Could this one be added instead https://en.wikipedia.org/wiki/Opentracker? There seems to be an already ebuild at http://gpo.zugaina.org/net-p2p/opentracker
@octavian: opentracker does not provide an API to edit .torrent files. That's all the infra script does. We use public trackers, we do not run out own.
(In reply to Robin Johnson from comment #13) > @octavian: > opentracker does not provide an API to edit .torrent files. > That's all the infra script does. We use public trackers, we do not run out > own. Do you think there is a replacement that is possible?
(In reply to Yury German from comment #14) > (In reply to Robin Johnson from comment #13) > > @octavian: > > opentracker does not provide an API to edit .torrent files. > > That's all the infra script does. We use public trackers, we do not run out > > own. > > Do you think there is a replacement that is possible? Yes, just nobody seems to have written it at all! Most torrent code is aimed at just running a tracker or client, not generating or editing .torrent files. Even libtorrent doesn't let you edit the pieces that my code uses the original libraries for.
http://search.cpan.org/~sanko/Net-BitTorrent-0.052/lib/Net/BitTorrent/Torrent.pm Is probably the closest in functionality to the original Python API, but I'm not sure it's complete either.
@Robin Johnson 1. I do run my own tracker to distribute family/friends photos. The torrents I create are also marked as private. 2. I use mktorrent to generate torrent files net-p2p/mktorrent.

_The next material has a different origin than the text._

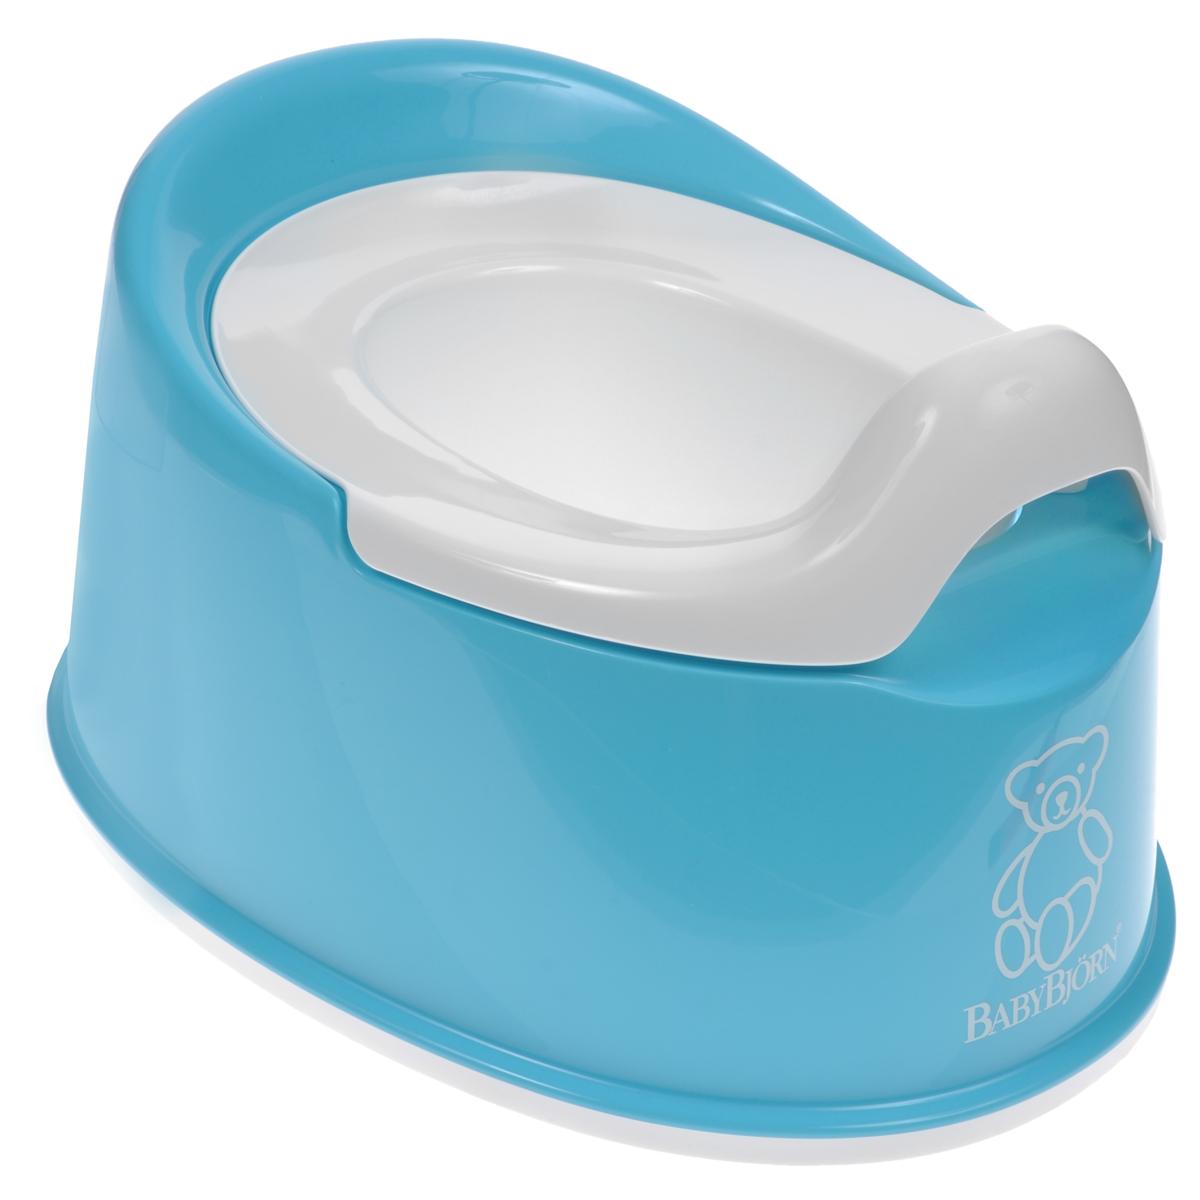 """Детский туалетный горшок BabyBjorn """"Smart"""" представляет собой превосходное сочетание функциональности и продуманного дизайна. Несмотря на маленькие размеры, он устойчив, его легко содержать в чистоте, и поэтому он идеально подходит даже для небольшого помещения. Он занимает мало места и его легко брать с собой. Кроме того, благодаря эргономичному дизайну и мягким контурам, ребенку приятно и удобно им пользоваться. Внутренняя часть горшка легко вынимается и моется отдельно. Горшок выполнен из пластика, поддающегося утилизации и не содержащего ПВХ. Устойчиво стоит на месте благодаря резиновым планкам. Рекомендуемый возраст: от 6 месяцев до 4 лет."""

(In reply to Octavian from comment #17) > @Robin Johnson > > 1. I do run my own tracker to distribute family/friends photos. Yes, opentracker is a good replacement for this. > The torrents I create are also marked as private. Beware, there are clients that ignore the private bit as specified by BEP0027 [http://www.bittorrent.org/beps/bep_0027.html]. Mostly those that don't explicitly implement the required special handling for that key. > 2. I use mktorrent to generate torrent files net-p2p/mktorrent. Which does NOT allow the detailed tweaking of the torrent files that the old code did.
removed from the tree
Arches and Maintainer(s), Thank you for your work. Thank you all. Closing as noglsa.

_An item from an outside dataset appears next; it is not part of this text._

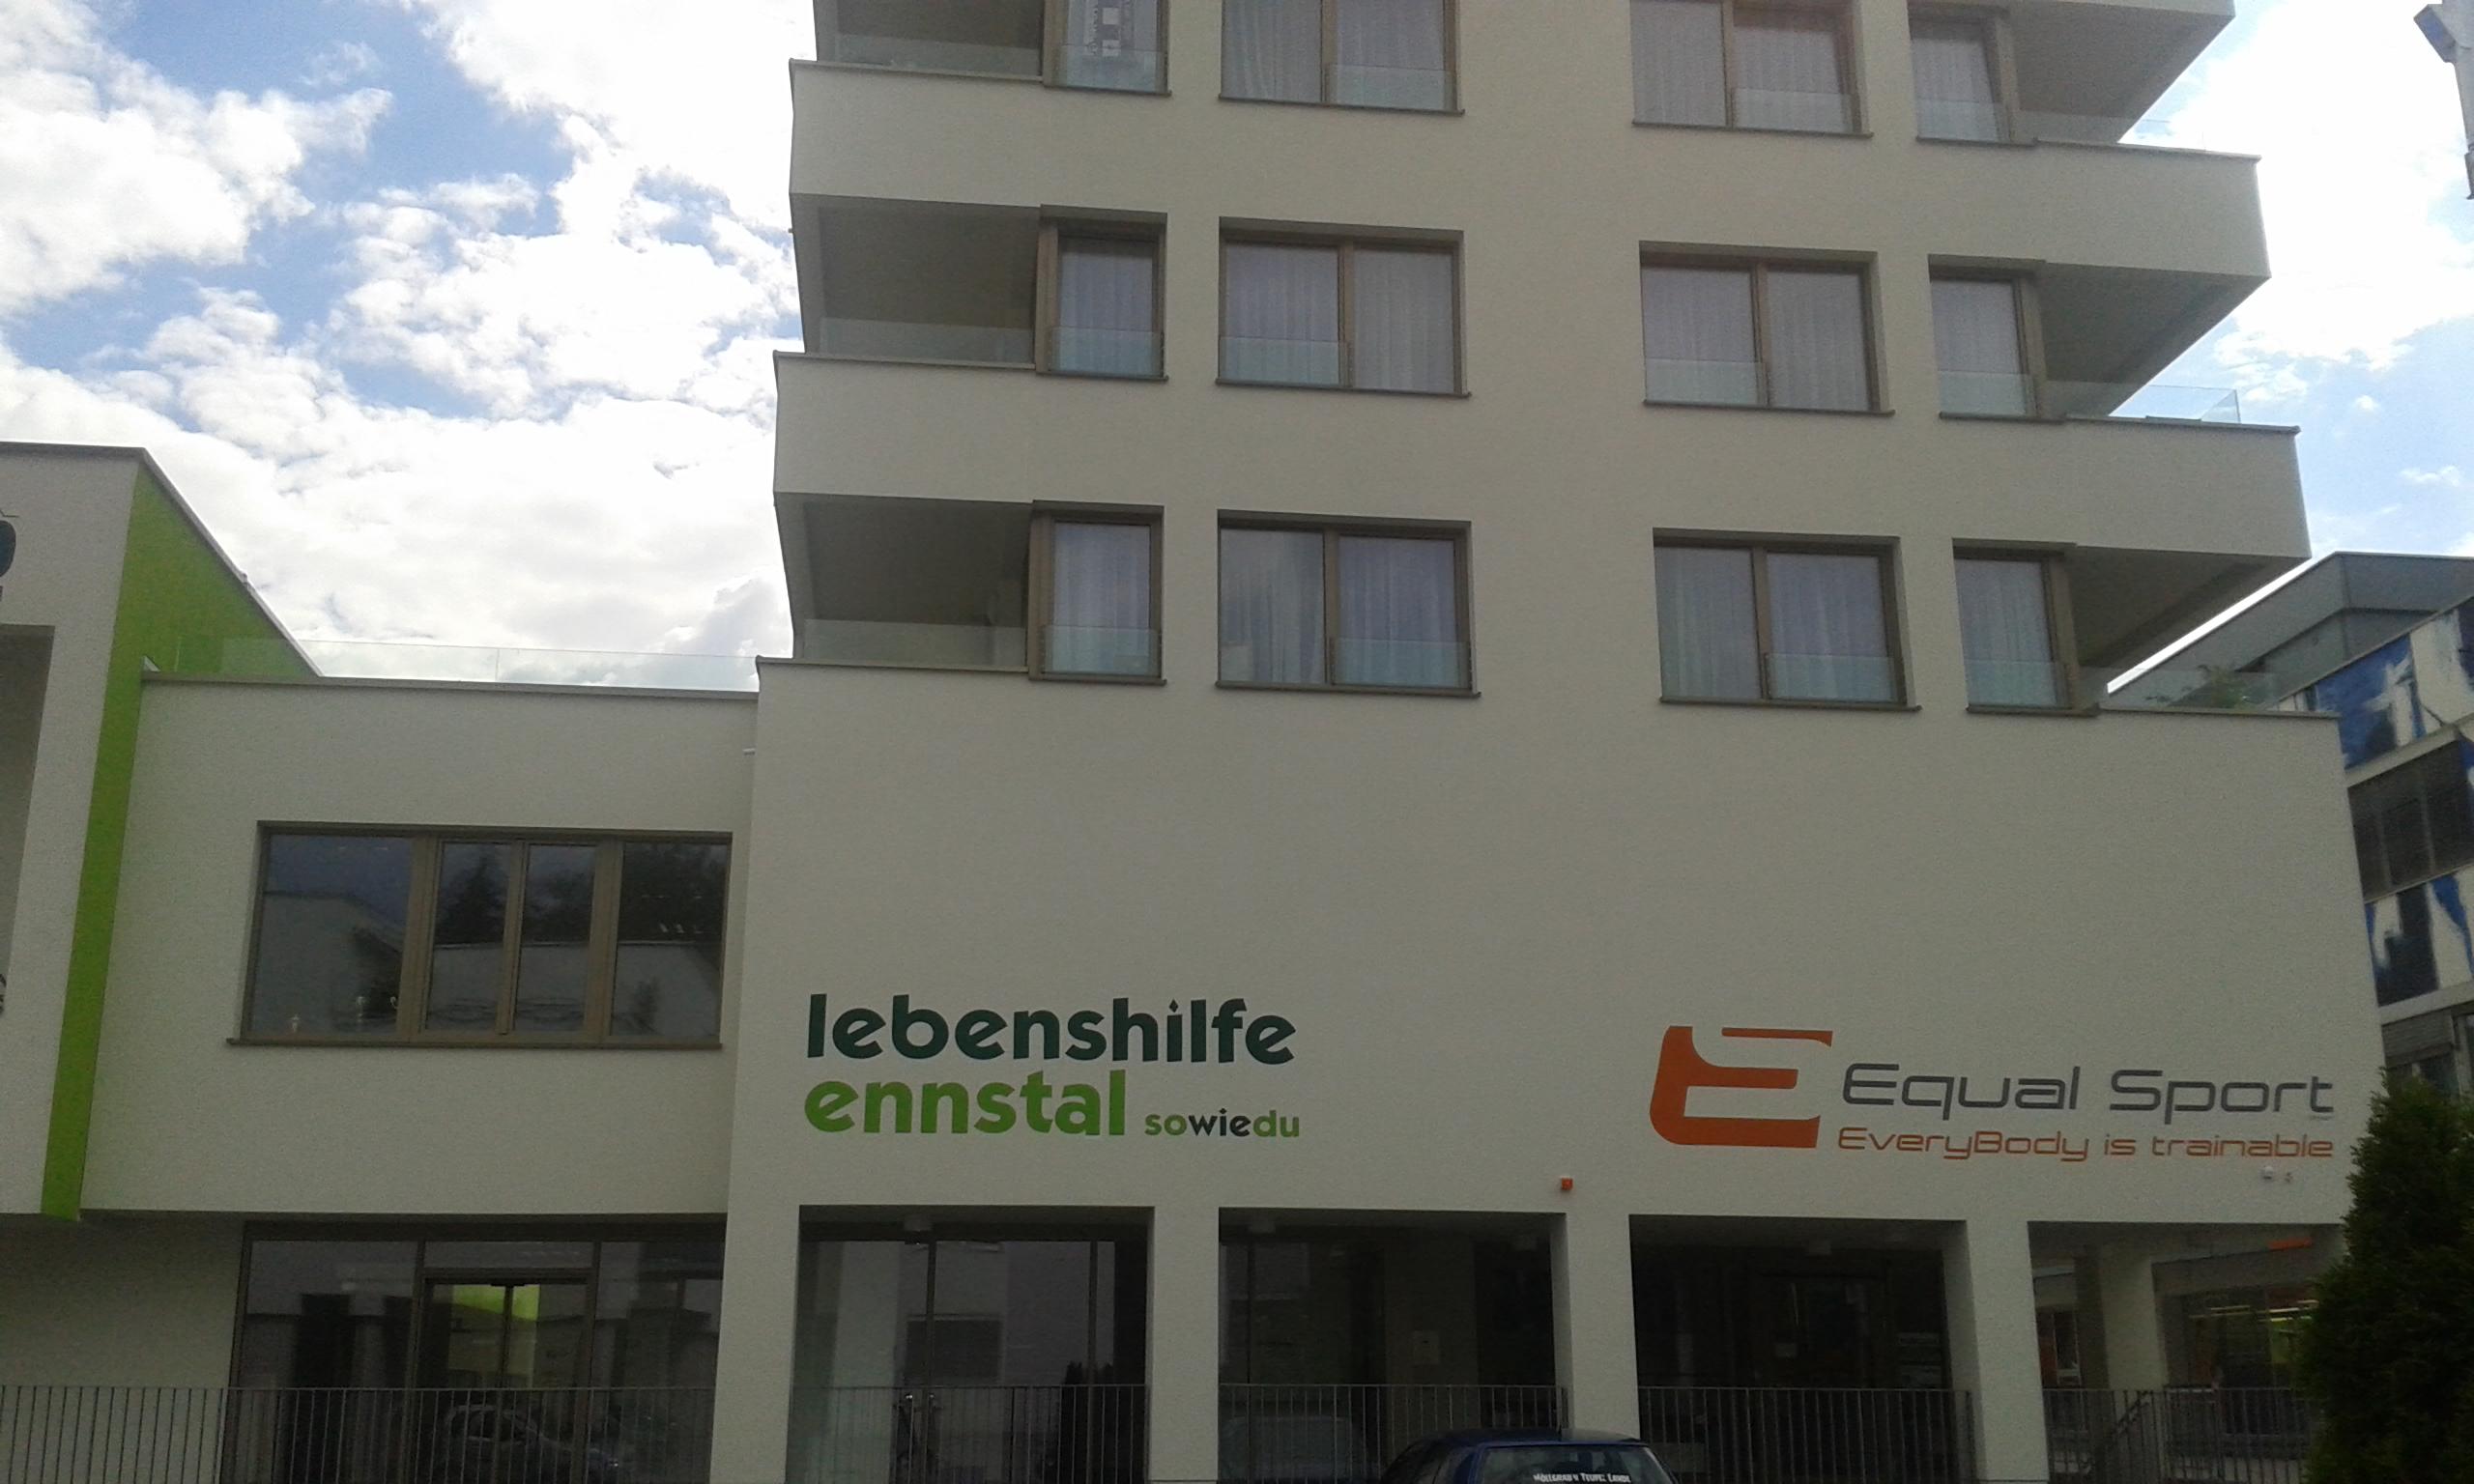 Lebenshilfe Ennstal Liezen Teilzeitbetreutes Wohnen, Fronleichnamsweg 13, 8940, Austria

According to https://en.wikipedia.org/wiki/BitTorrent_(software) ```` Version 4.20 of the client was dubbed Allegro by BitTorrent Inc., in reference to protocol extensions developed by the company to accelerate download performance and ISP manageability. Since version 6.0, the BitTorrent client has been a rebranded version of µTorrent. As a result, it is no longer open source. ```` In fact until the latest 5.30 version available from Internet Archive <http://web.archive.org/web/20100330145634/http://www.bittorrent.com/btusers/download/directory-list> as BitTorrent-5.3-GPL.tar.gz, net-p2p/bittorrent is not vulnerable. Also, would you use BitTorrent-5.3-GPL.tar.gz to update the python lib to a newer version ?
We have removed bit torrent from tree.
I did not notice until it is masked. Since there is in fact no CVE problem, is this OK to restore it ?
That version required packages that aren't in the tree anymore, namely wxpython-2.6. It might be possible to restore 5.3 without the GUI bits, but someone else would need to step up and do the work. There are much better torrent clients available that are actually maintained. Or you could just throw the ebuild into an overlay if you really can't live without it.
(In reply to Galaxy from comment #23) > I did not notice until it is masked. > > Since there is in fact no CVE problem, is this OK to restore it ? There s a high vulnerability assigned to this: BitTorrent and uTorrent allow remote attackers to inject command line parameters and execute arbitrary commands via a crafted URL using the (1) bittorrent or (2) magnet protocol. This project is not maintained.